In high school, I had a similar problem. I was not being bullied or made fun of, but I still did not feel like I was fitting in. I was the only Mexican at my school that didn't speak Spanish at home and didn't have immigrant parents. The friends I made never made me feel bad about it, but the awkwardness was palpable whenever I met my friends' parents. I did not feel as displaced as I did when I was younger, but I still felt like I did not belong. I never really acknowledged my Mexican heritage because I was always seen as the "white girl". I did not see a point in even trying to acknowledge that side of me. I did not have my first real taco from a taco truck until I was a sophomore in high school because I wanted to impress the guy I liked. That's when I embraced my Mexican heritage, but I tried too hard. It was like my main characteristic was being Mexican. Even though I tried everything possible to fit in, I still felt like an outsider.
Once I came to Saint Mary's, I was then too Mexican to fit in. I didn't have a hard time finding my community and that was due to the Belles Connect Program. Those a part of the program were first-generation college students, homeschooled, or international students. There was something different about all of us that and that is what connected me to these students. Although I found my community, I was constantly stared at by white students whenever I would speak in Spanish, talk about my family heritage, or even just be present.
The hardest part about that experience was that I still did not know who I was. I didn't find my identity until I took my first heritage Spanish class. My professor helped me realize that even though I am a second-generation Mexican-American, I still belong and that is what makes me unique. I do not have to prove my Mexicanness or Americanness to anyone. I do not have to speak perfect Spanish. I am me.

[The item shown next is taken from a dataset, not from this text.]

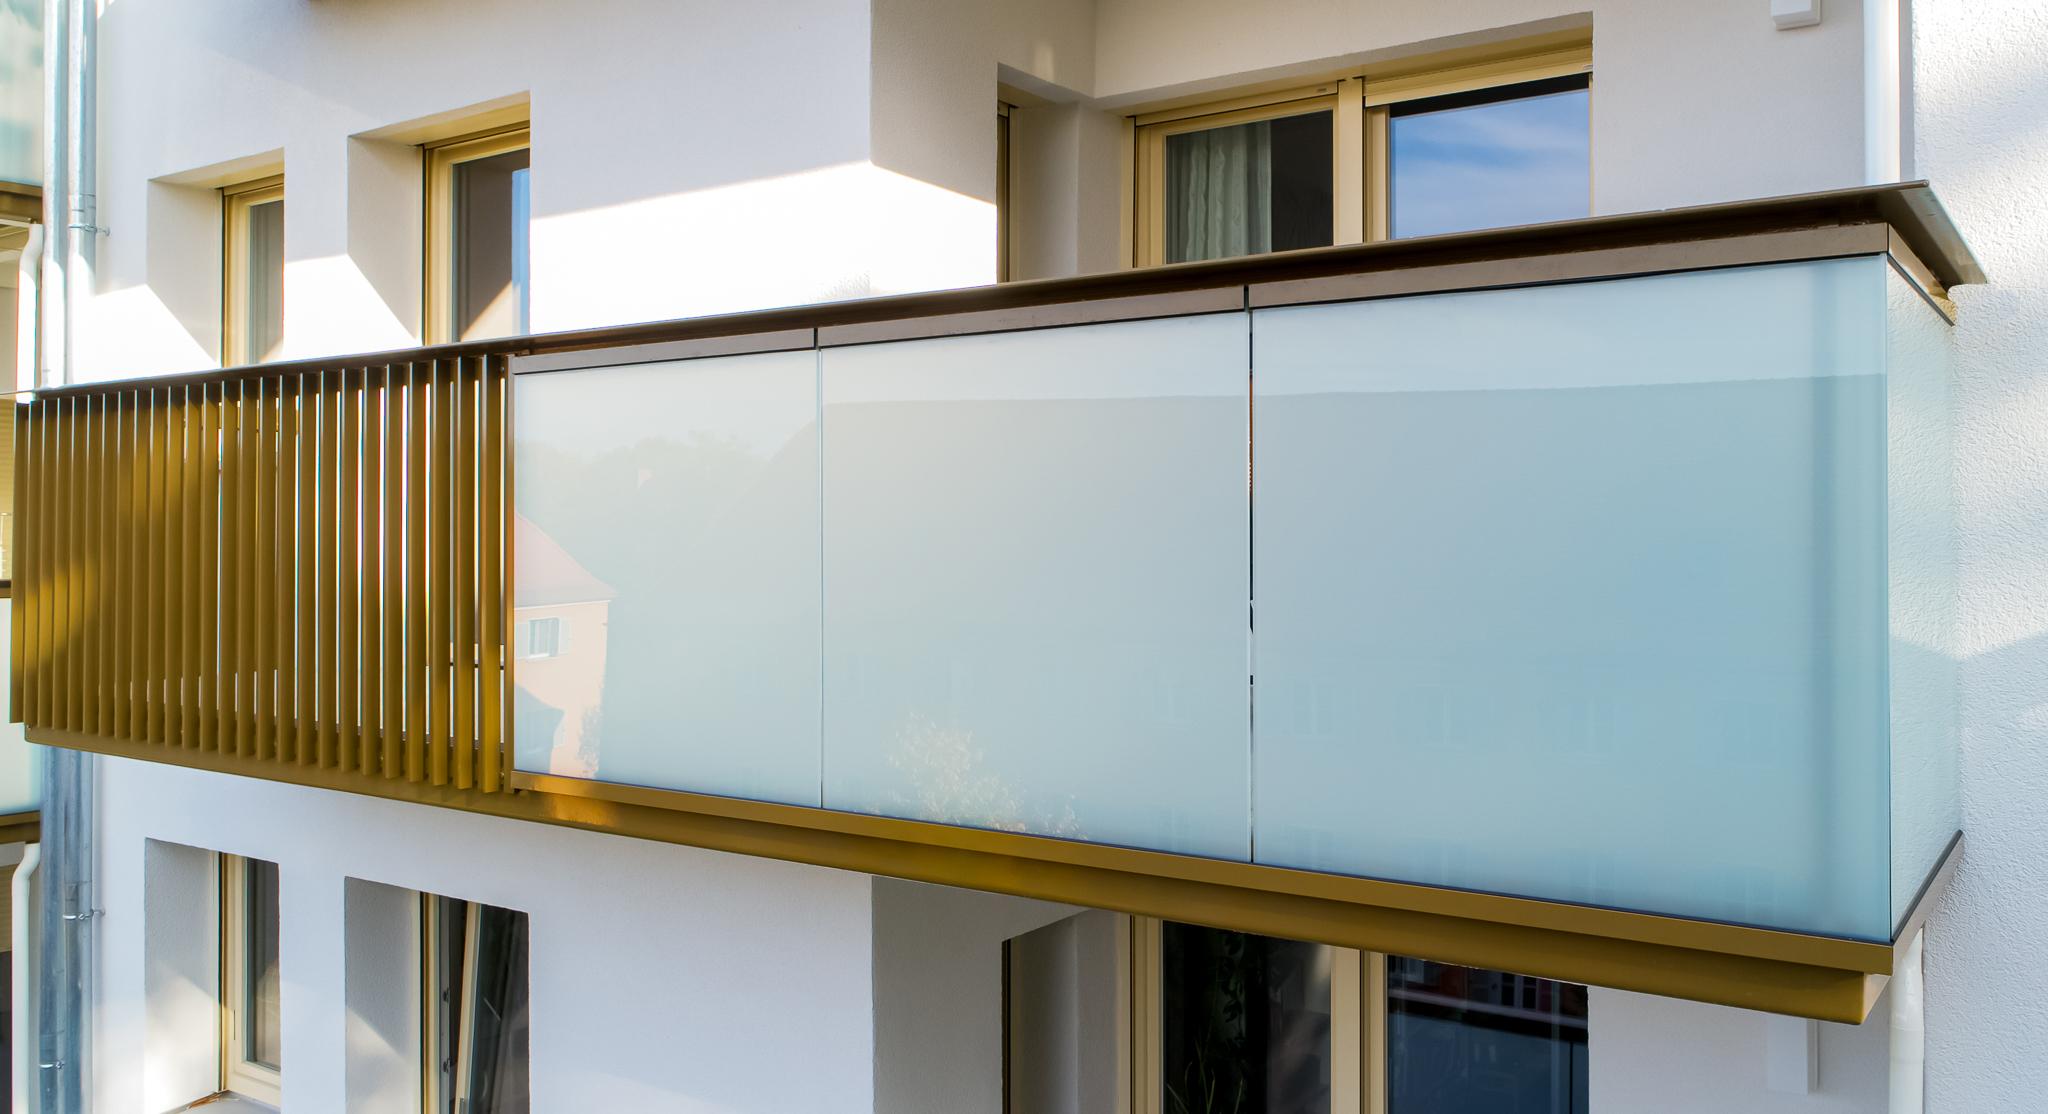 32 Balkone in Nürnberg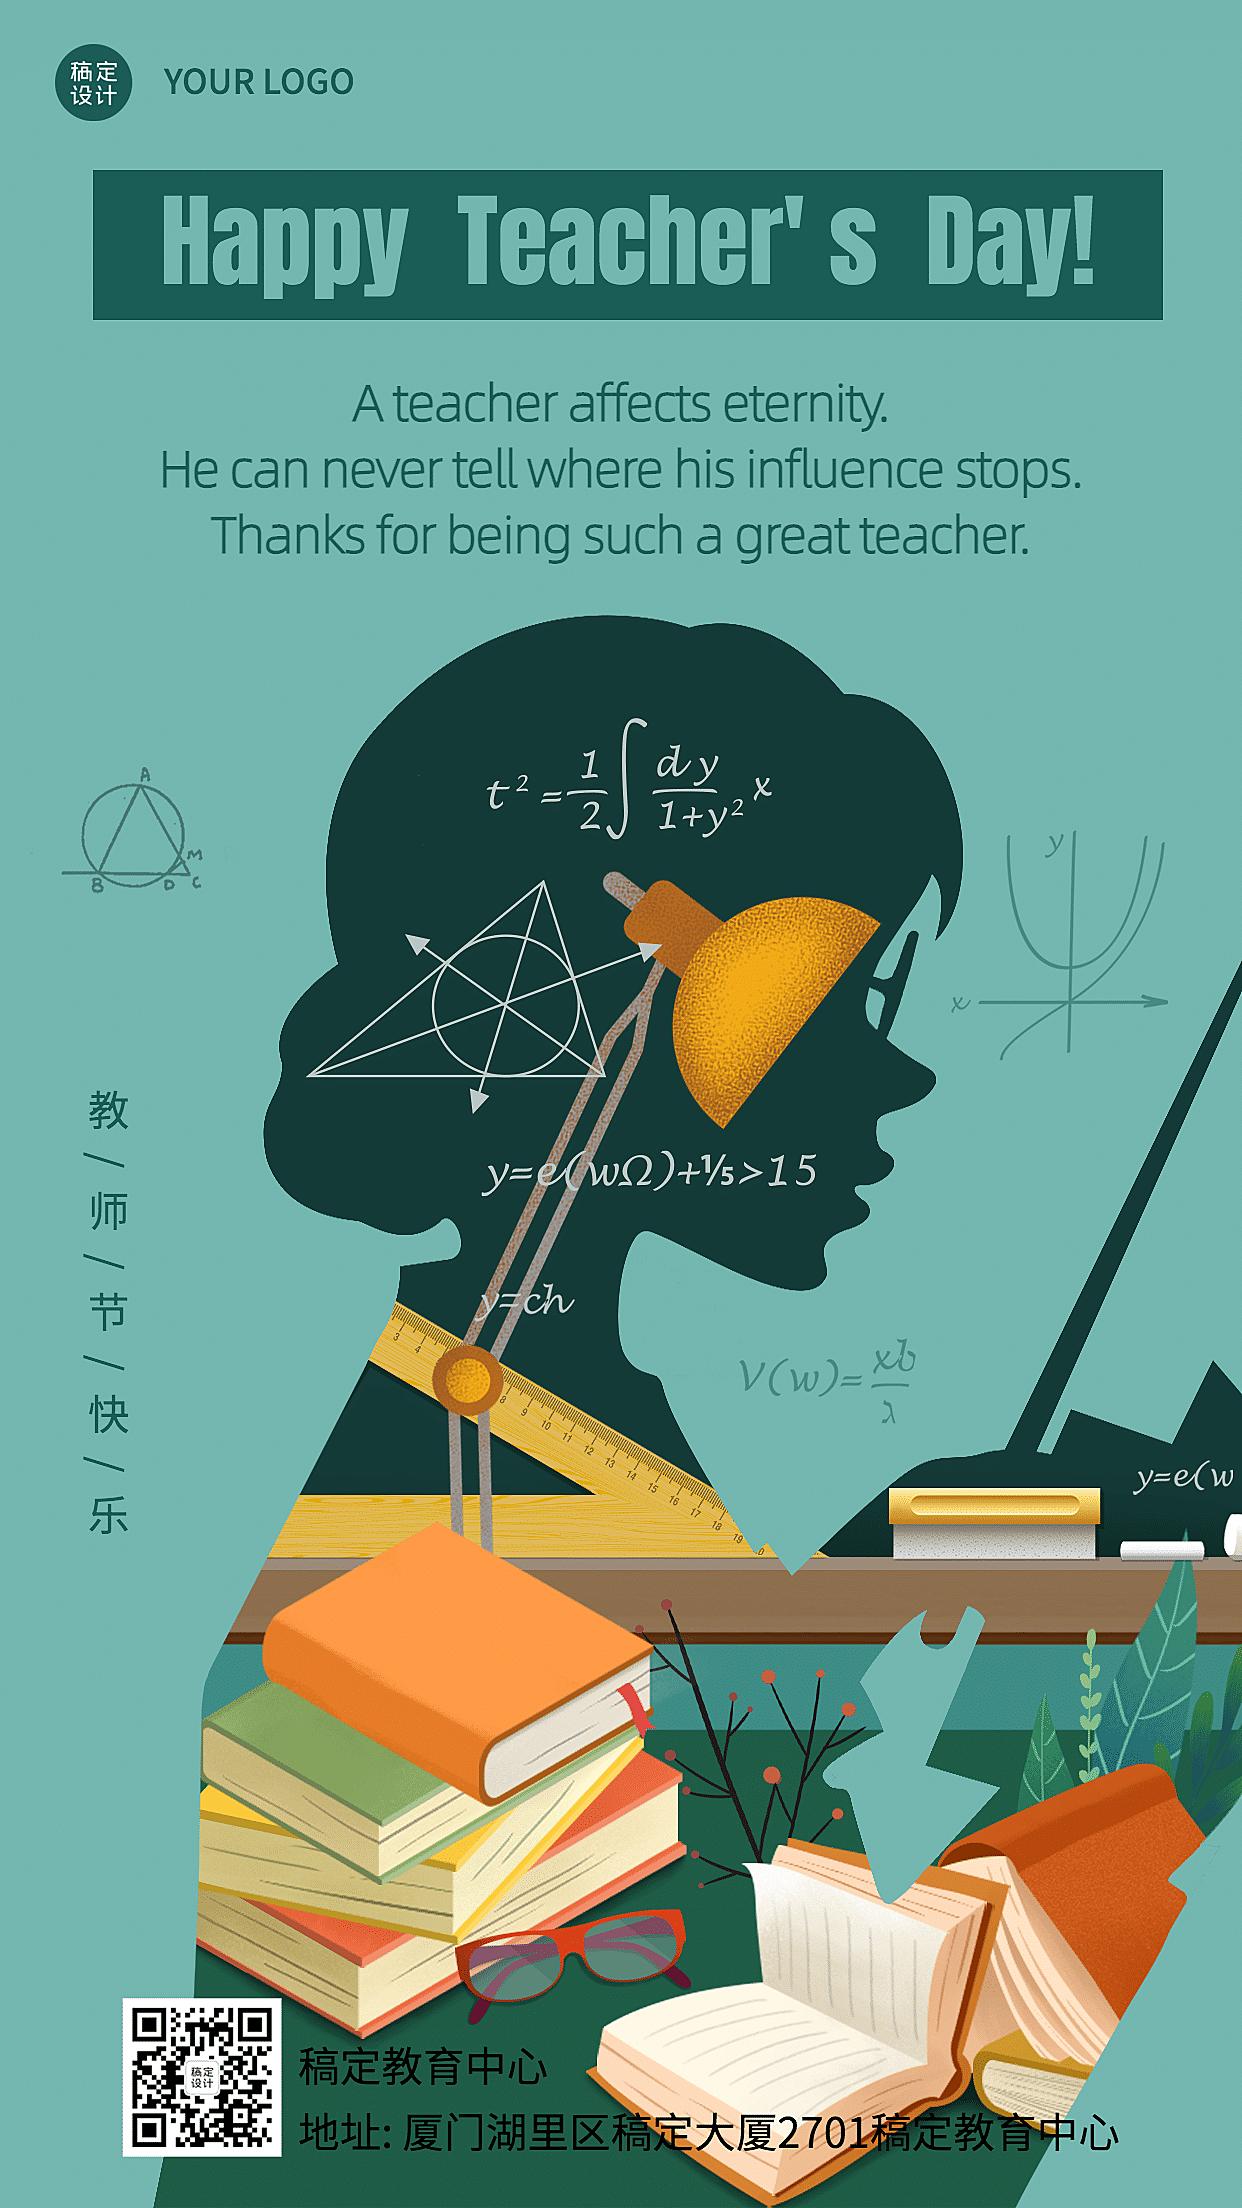 教师节各科老师祝福手机海报

I realized that everything that made me different at Saint Mary's is because of my parents and grandparents. They sacrificed so much for me to get to this part of my life and to receive an education that they were not privileged enough to have. I finally realized that I did not have to prove anything to anyone. I built a stronger relationship with my dad and grandmother so that I could learn more about my Mexican heritage which you could say has consumed my identity, but I am still as much American as anyone else. I no longer feel displaced. I feel like I belong. I have done so much to prove to people that I belong, but this past year I have more than enough to prove to myself that I belong. I am a proud granddaughter of immigrants and I am a proud first-generation college graduate daughter of first-generation Mexican-Americans. Everything I do now is not to prove to people anything, but to show my grandmother and parents that everything they have done has been worth it.